▸ Problem description:
Below are lines of records; copy exactly those from the one containing "Mountain Ridge clipart" through the one containing "Friuli Museum, Udine", leaving the pictures behind.

▸ Data for this exercise:
——————————

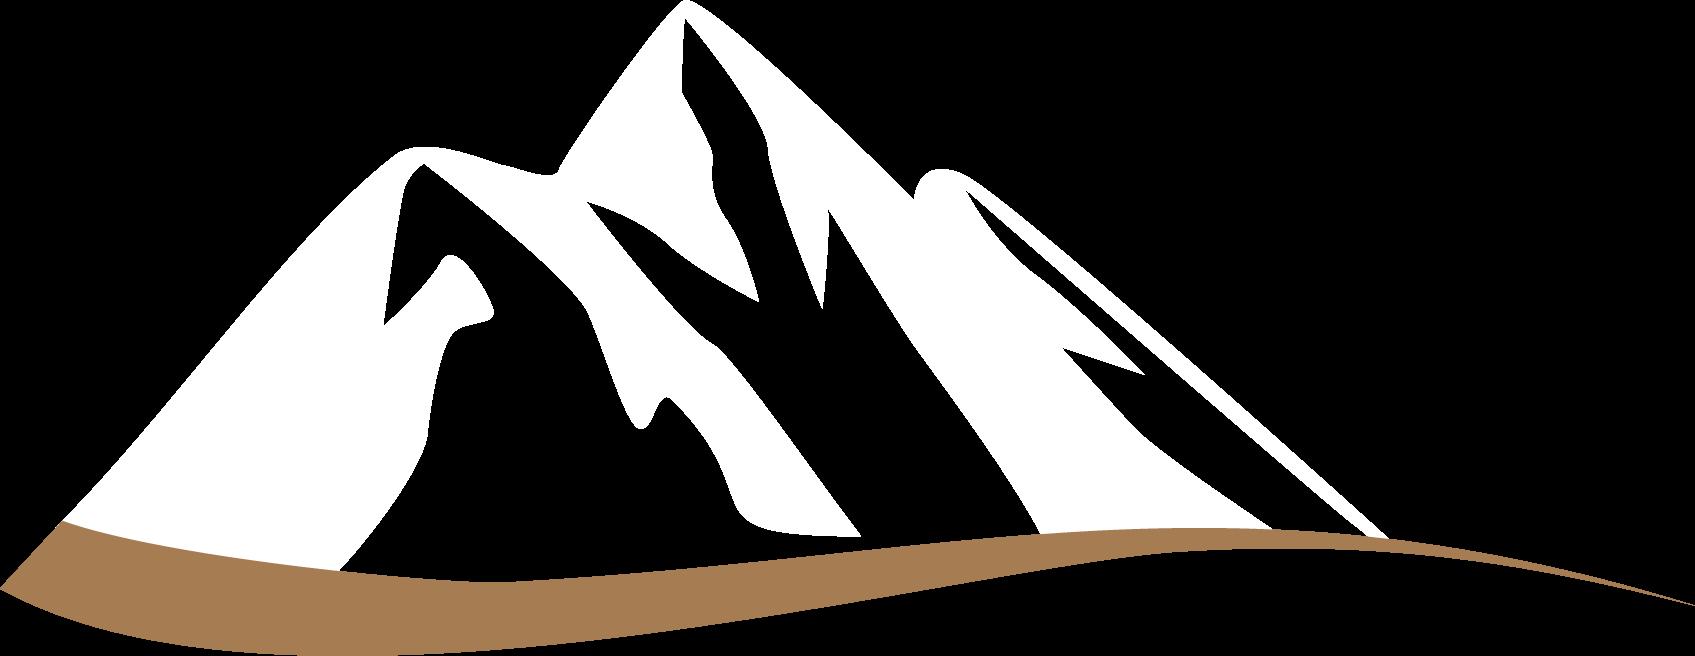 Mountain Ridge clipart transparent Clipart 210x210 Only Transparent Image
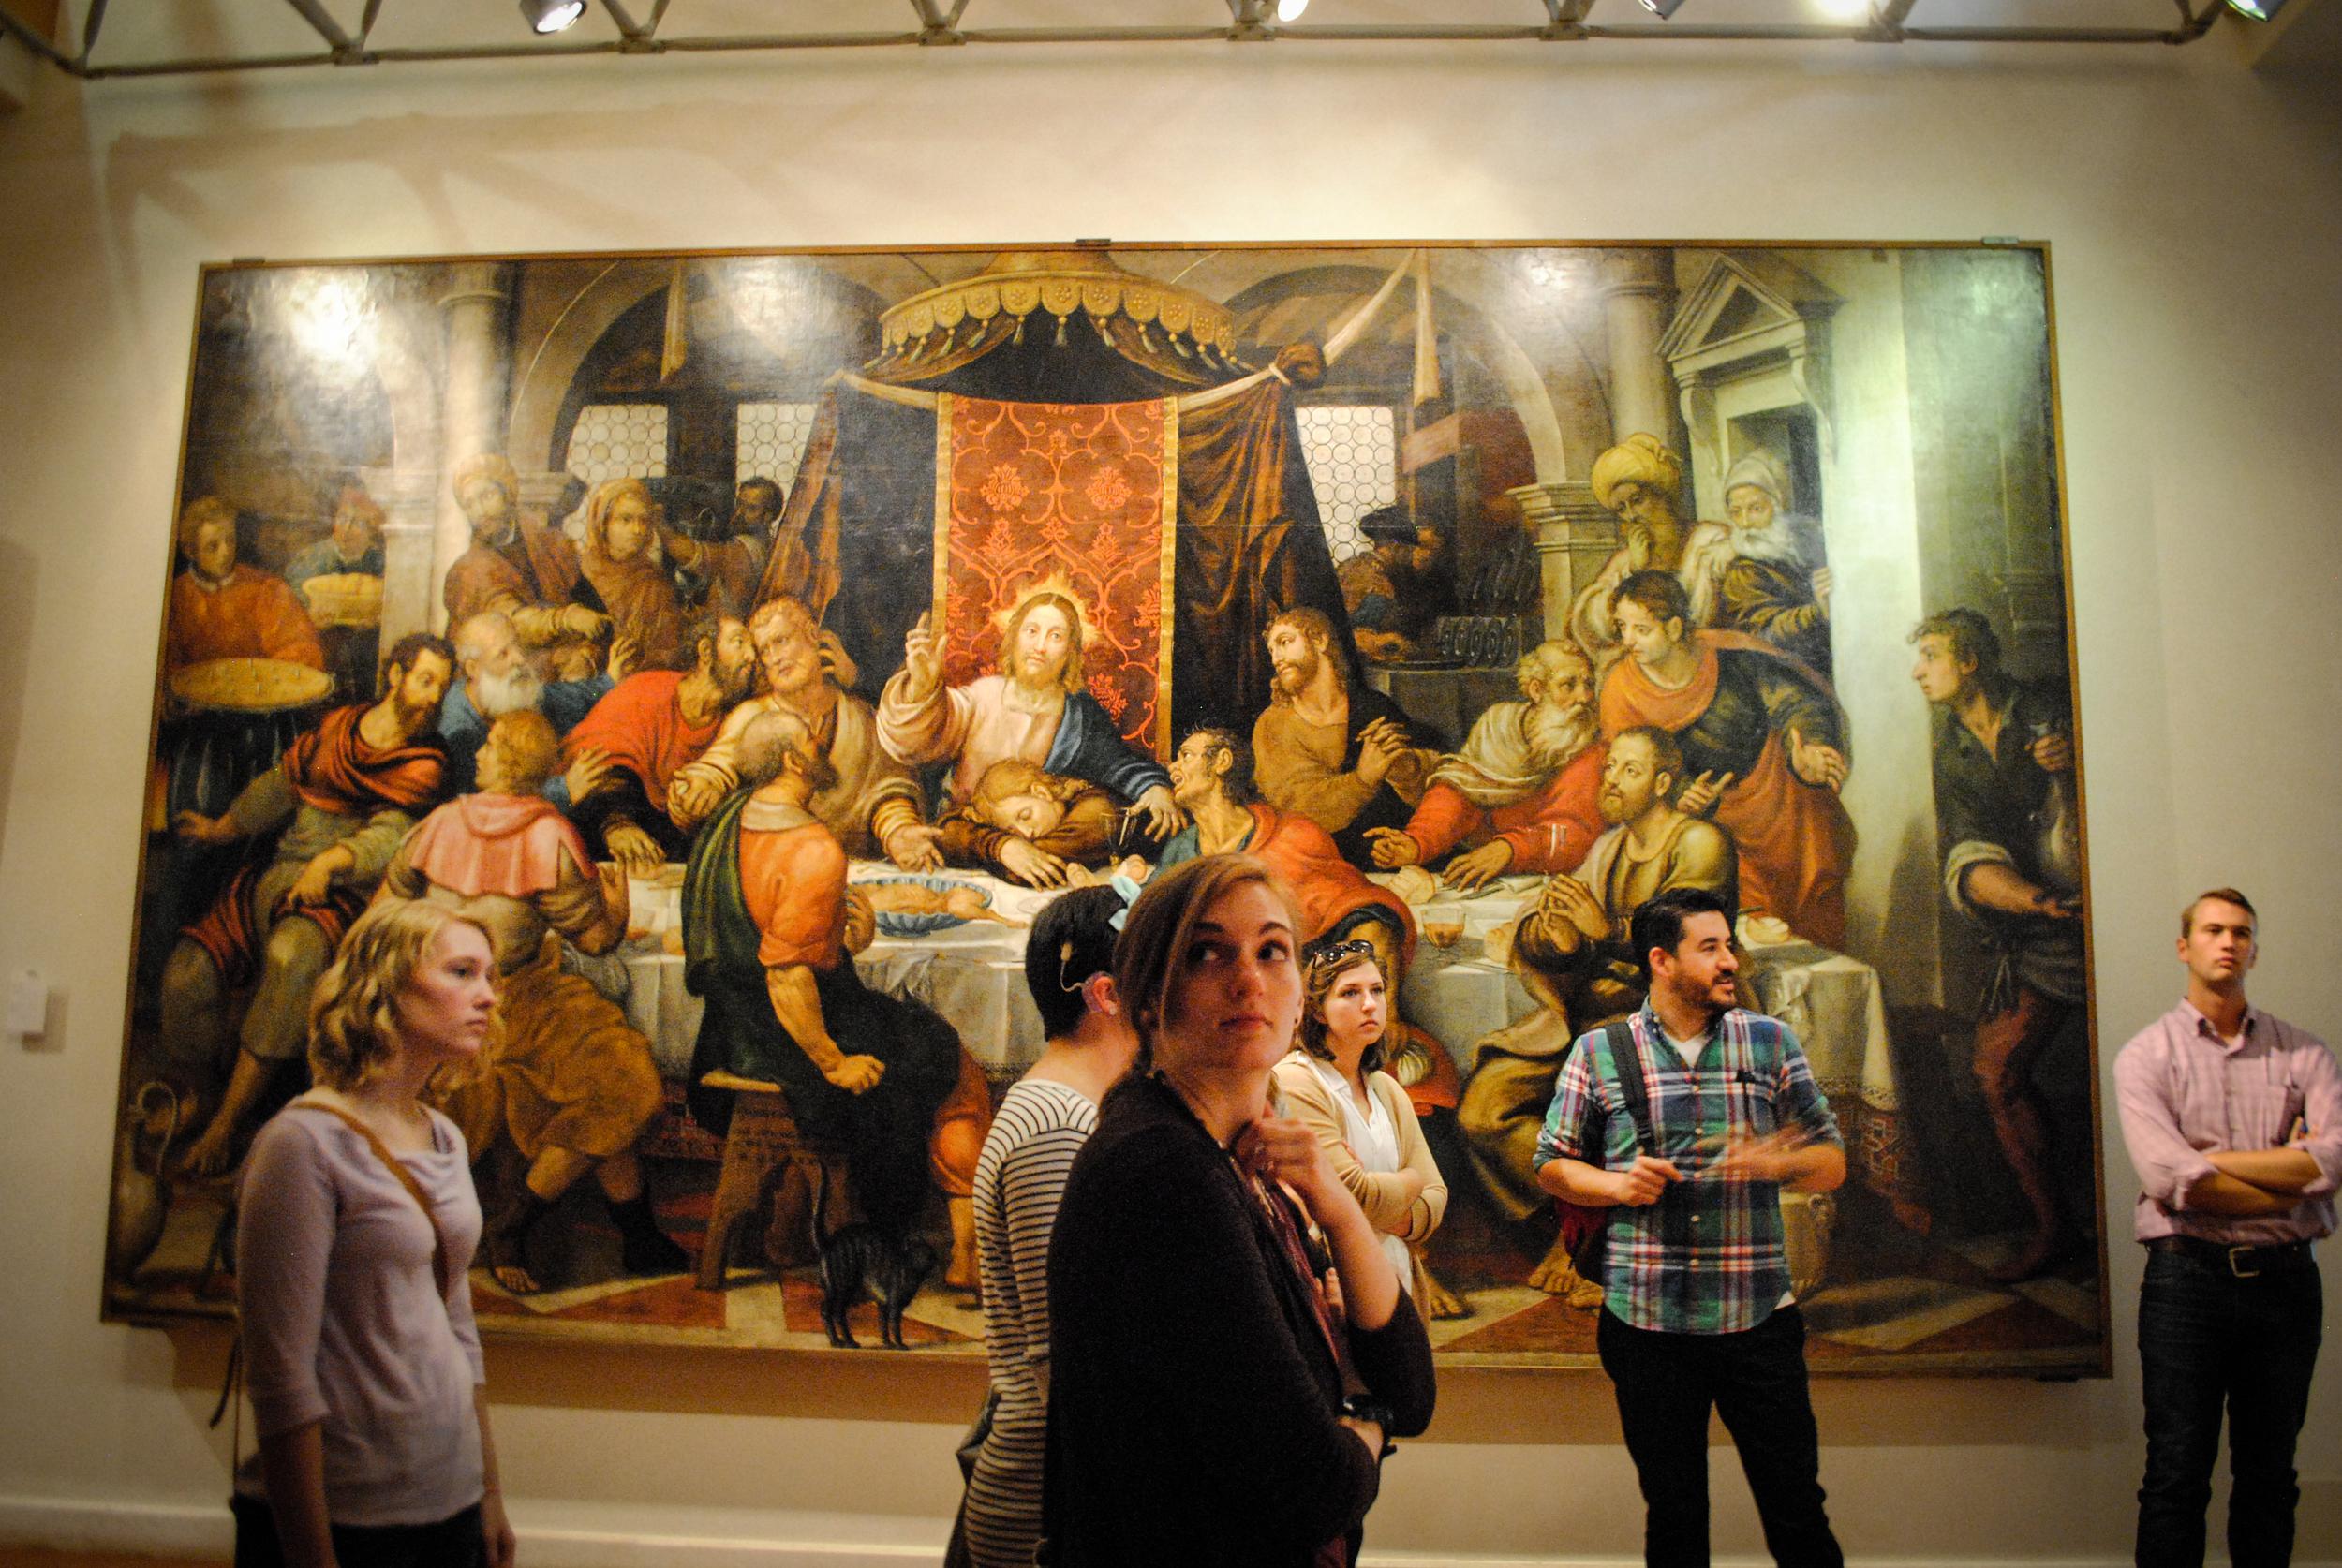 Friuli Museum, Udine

——————————

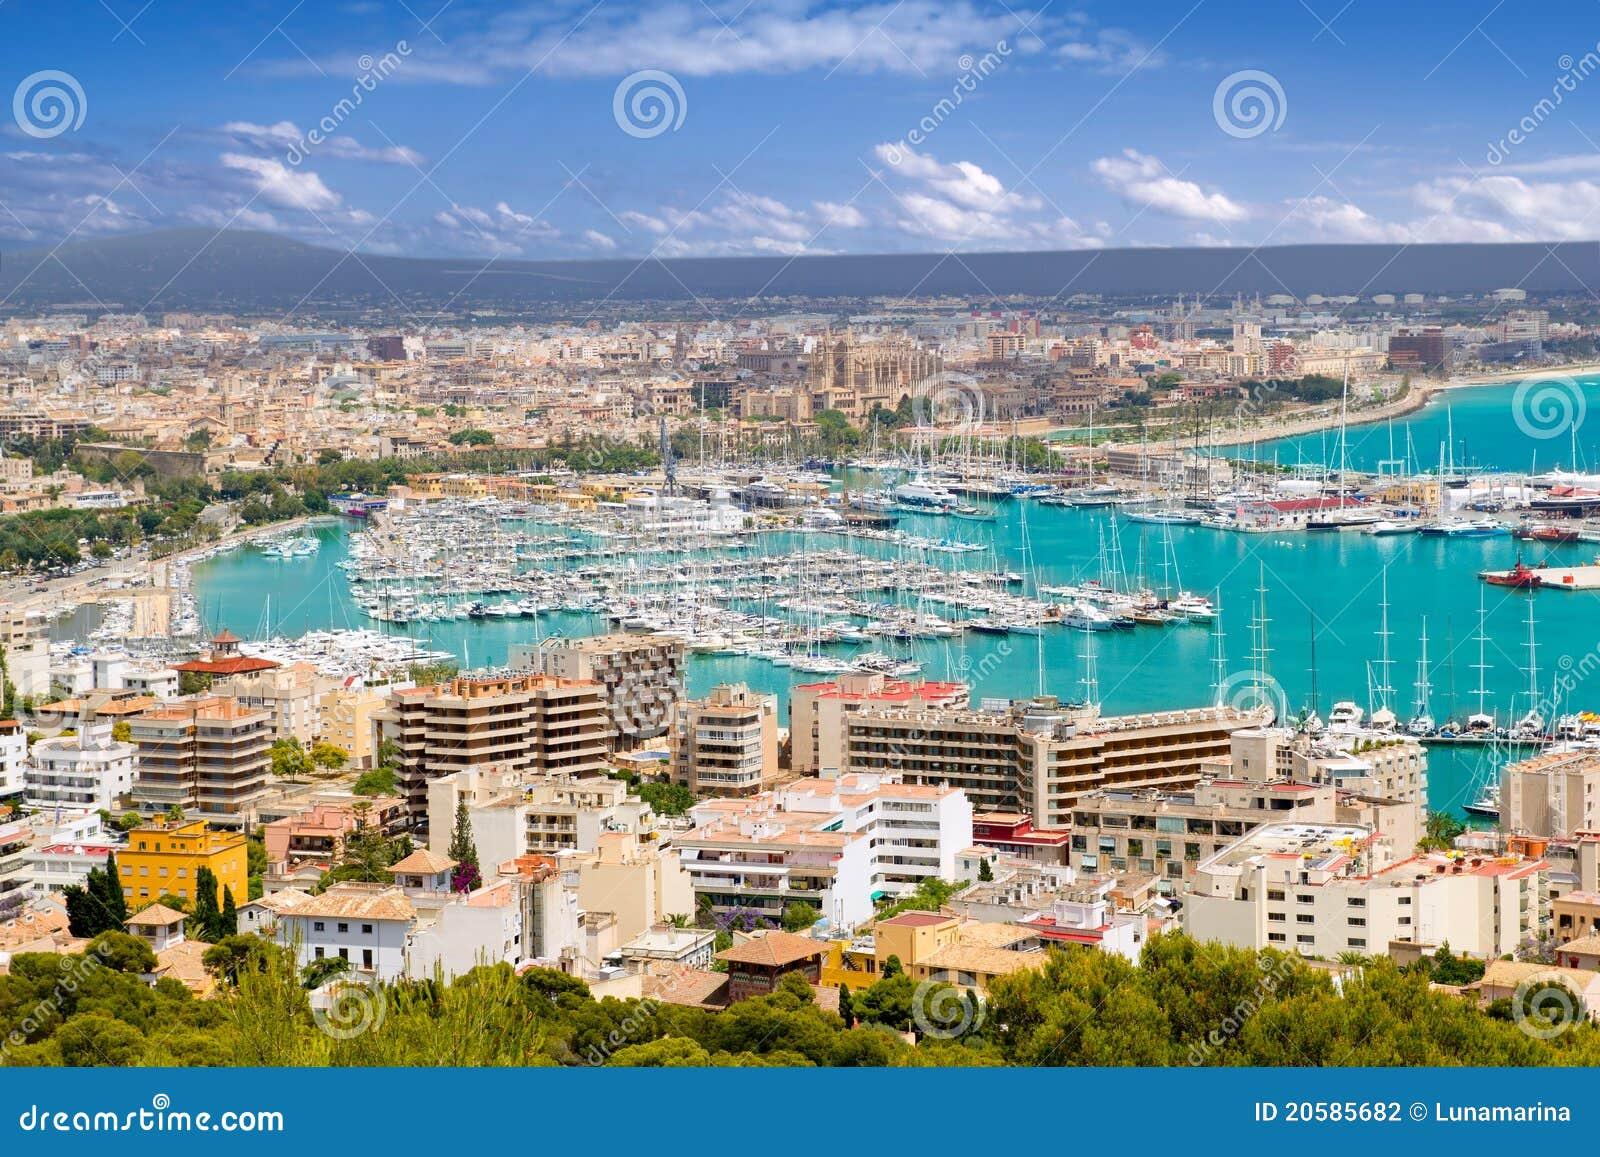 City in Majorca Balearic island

——————————

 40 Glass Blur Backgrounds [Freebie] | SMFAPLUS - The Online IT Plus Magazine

——————————

▸ Result of this exercise:
 Mountain Ridge clipart transparent Clipart 210x210 Only Transparent Image
 Friuli Museum, Udine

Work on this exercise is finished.